You won’t find cash management accounts at a bank or credit union. Instead, these are considered nonbank products offered by investment firms.

These investment firms, such as broker-dealers, sweep customers’ cash into an account at a partnering bank. As long as that bank is FDIC-insured, the money is also insured by the FDIC. While the sweep is in progress, funds are insured by the Securities Investor Protection Corporation (SIPC) — again, as long as the cash management account provider is an SIPC member.

The best money market account rates currently range from less than 3% up to 5%:

Pros

  • Funds are typically protected by FDIC and SIPC insurance
  • Higher interest rates than traditional savings accounts
  • Offer access to your money when you need it without withdrawal penalties

Cons

  • Accounts may be only online, without access to a branch network
  • Some high-yield savings accounts may offer competitive or higher interest rates

Read more on our picks for the best cash management accounts here.

9. Government bonds

If you want to avoid taking extra risk when you park money for the short term, government bonds are worth considering.
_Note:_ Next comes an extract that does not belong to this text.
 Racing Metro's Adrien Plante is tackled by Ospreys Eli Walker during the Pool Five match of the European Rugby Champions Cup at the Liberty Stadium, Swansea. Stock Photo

Like Treasury bills, Treasury bonds are backed by government credit, meaning they’re generally considered more stable than even investment-grade corporate bonds.

Government bonds are a suitable short-term investment for anyone looking for that kind of stability, along with predictable returns.
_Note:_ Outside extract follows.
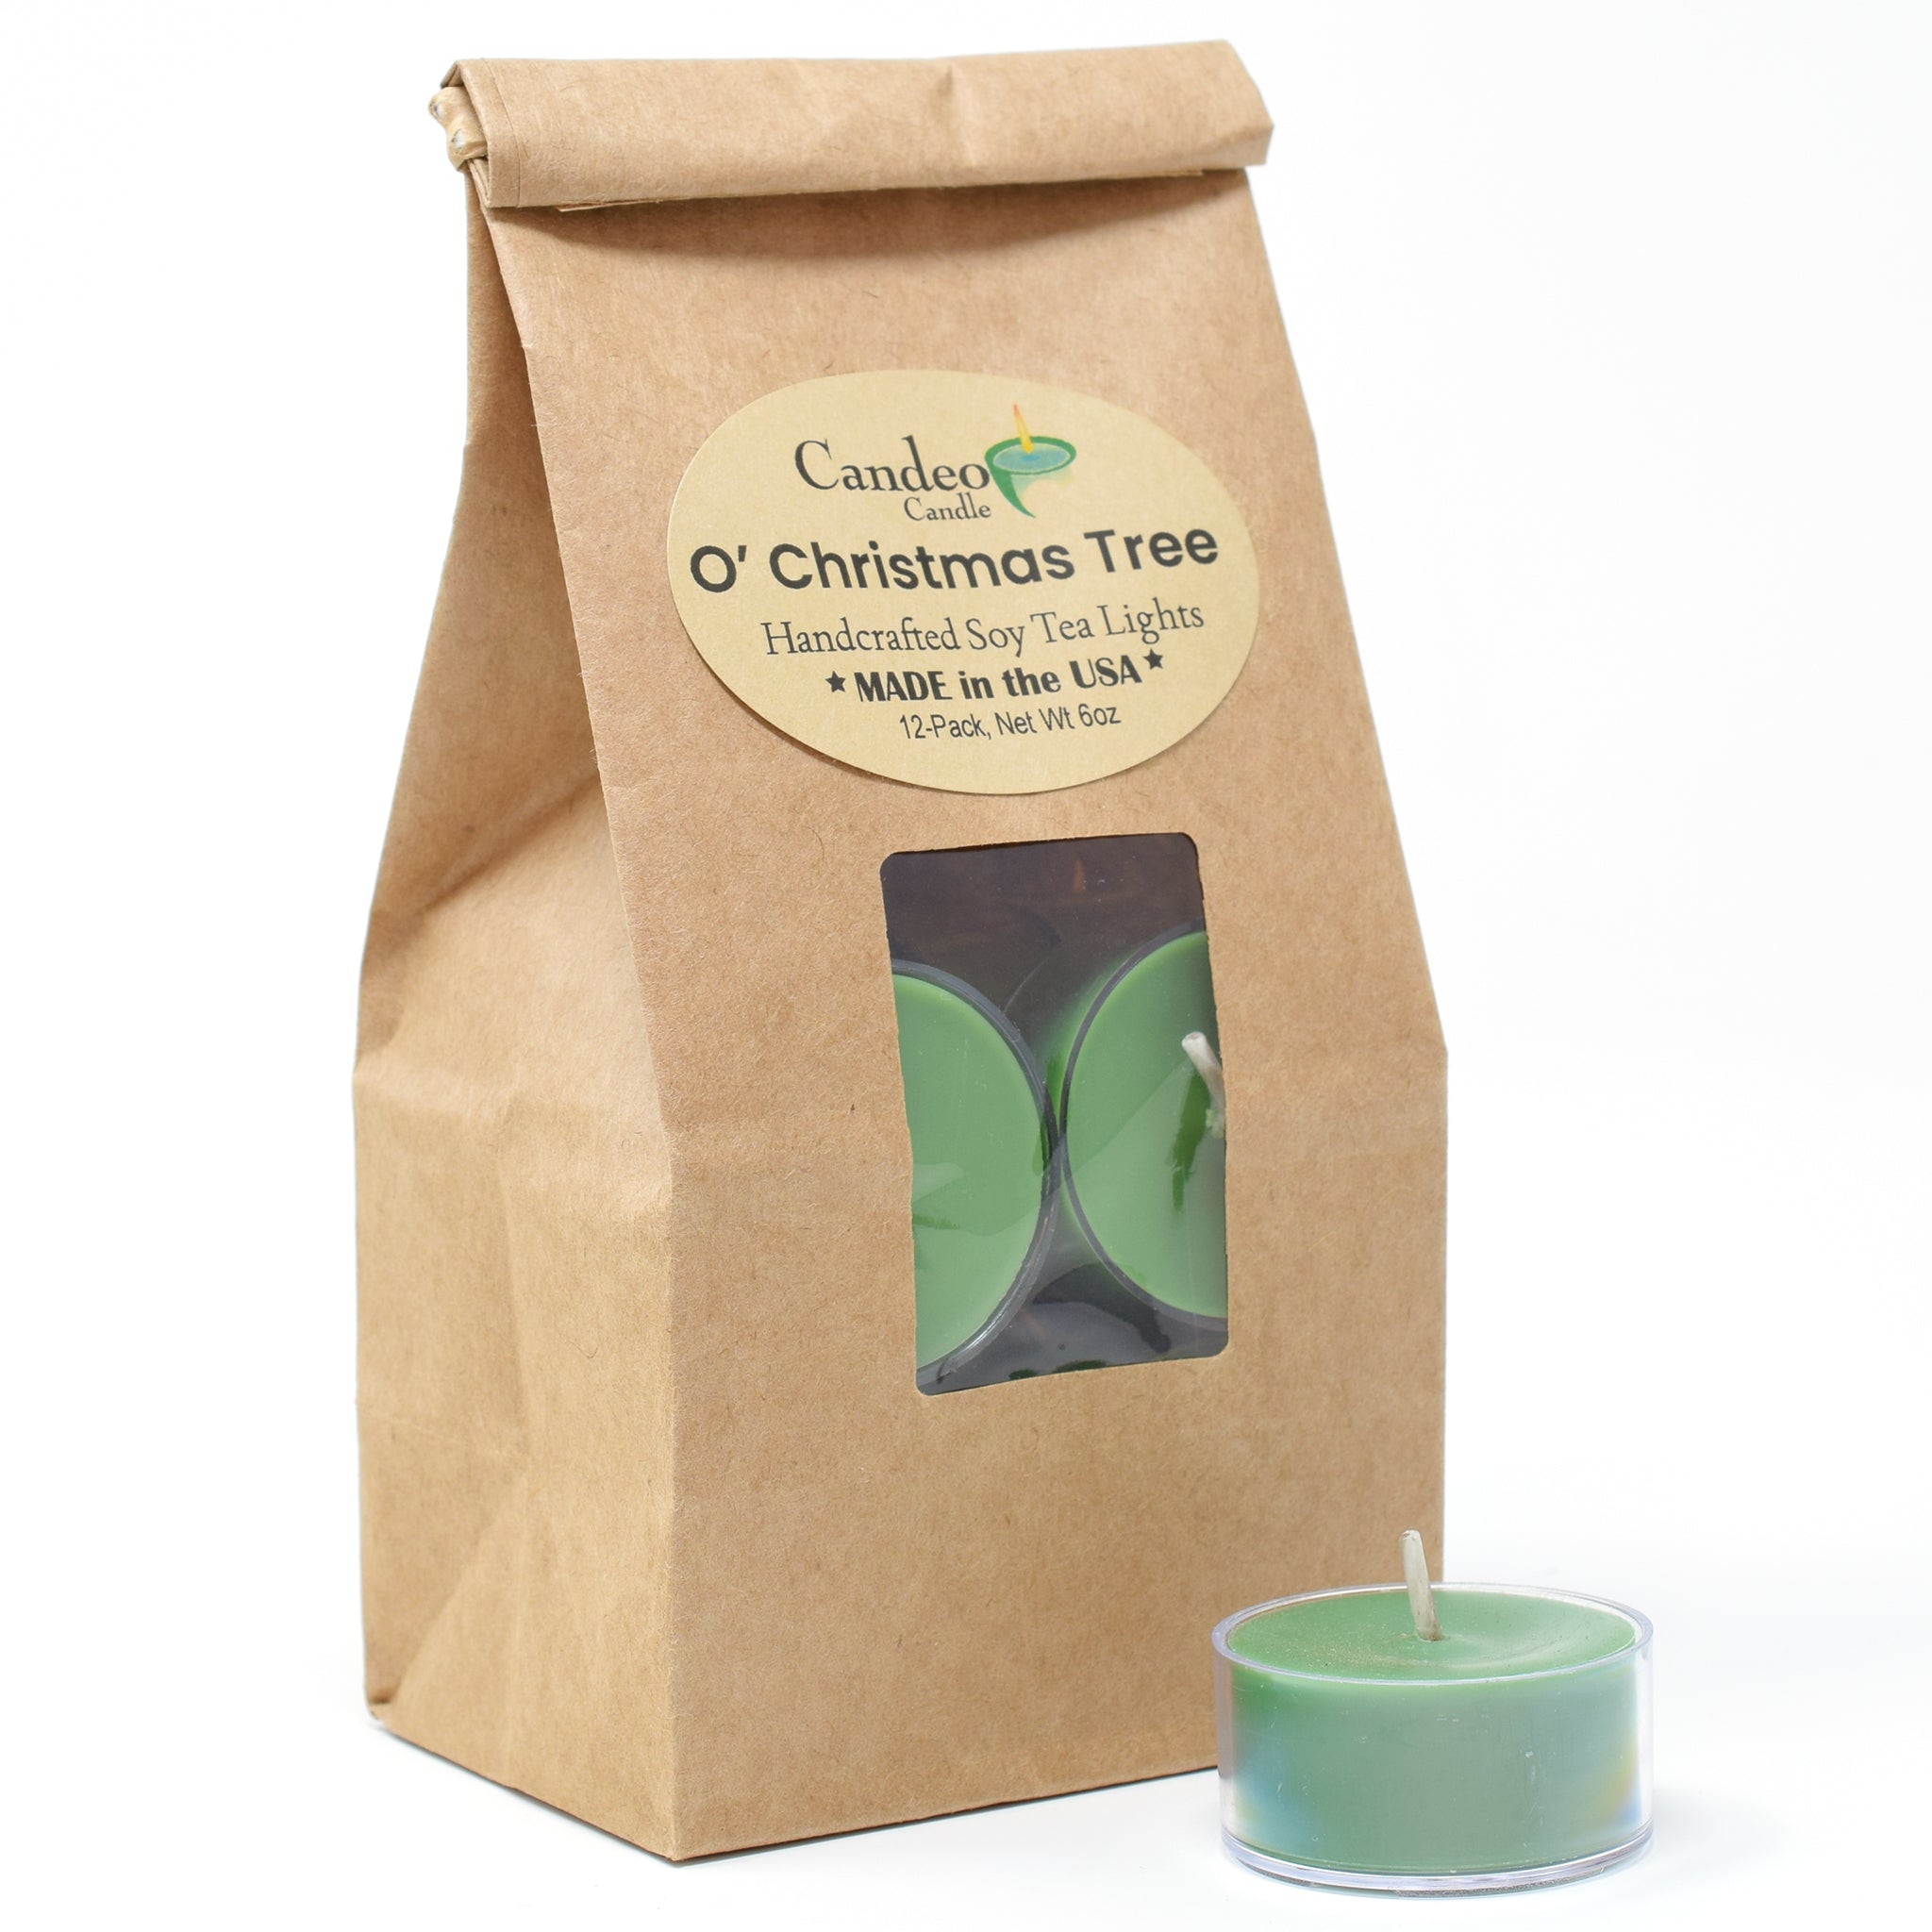 O'Christmas Tree, Soy Tea Light 12-Pack - Candeo Candle

Short-term government bonds typically mature within one to three years and offer investors interest payments along with preservation of principal. Keep in mind: The interest rates on short-term bonds are less than you’ll find on longer-term debt instruments. That’s because investors demand to be paid more for lending money over the long haul, as there’s less visibility into future interest rates.

Pros

  • Backed by full faith and credit of the US government
  • Generally more stable than investment-grade corporate bonds
  • Offer predictable returns and high liquidity

Cons

  • Short-term bond rates are generally lower than longer-term rates
  • Bonds are subject to several key risk factors, including interest-rate risk

Read more about how to invest in bonds here.

Frequently asked questions (FAQs)

The best short-term investment depends on your individual goals, time horizon and risk tolerance. Options like high-yield savings accounts, money market accounts or short-term bonds often strike a balance between safety and modest returns. Those options can be a prudent strategy for short-term financial objectives.

Investors should prioritize liquidity, safety and low fees when considering short-term investments. Easy access to funds, low costs and capital preservation are key. Additionally, understanding your unique risk tolerance and making sure your investments are aligned with your specific financial goals is crucial for a successful short-term strategy.

A short-term investment is typically one held for a brief period, sometimes for only a few months, but the time period can be as long as five years. The primary goal is to preserve capital and generate modest returns. If you’re looking for a short-term investment to meet a specific financial goal, look for vehicles that emphasize liquidity, allowing easy access to funds when you need them, including high-yield savings accounts, money market accounts, CDs and short-term bonds.

Since they prioritize the preservation of capital and minimize risk, high-yield savings accounts and CDs from reputable banks are among the safest short-term investments. They also typically offer FDIC protection, which means that your principal would be safeguarded, up to $250,000, in the event the bank were to fail. Other short-term investments that are generally regarded as safe include money market accounts and short-term government and municipal bond funds.

Cryptocurrencies, “meme stocks,” day trading and currency trading are all considered to be among the riskiest short-term investments.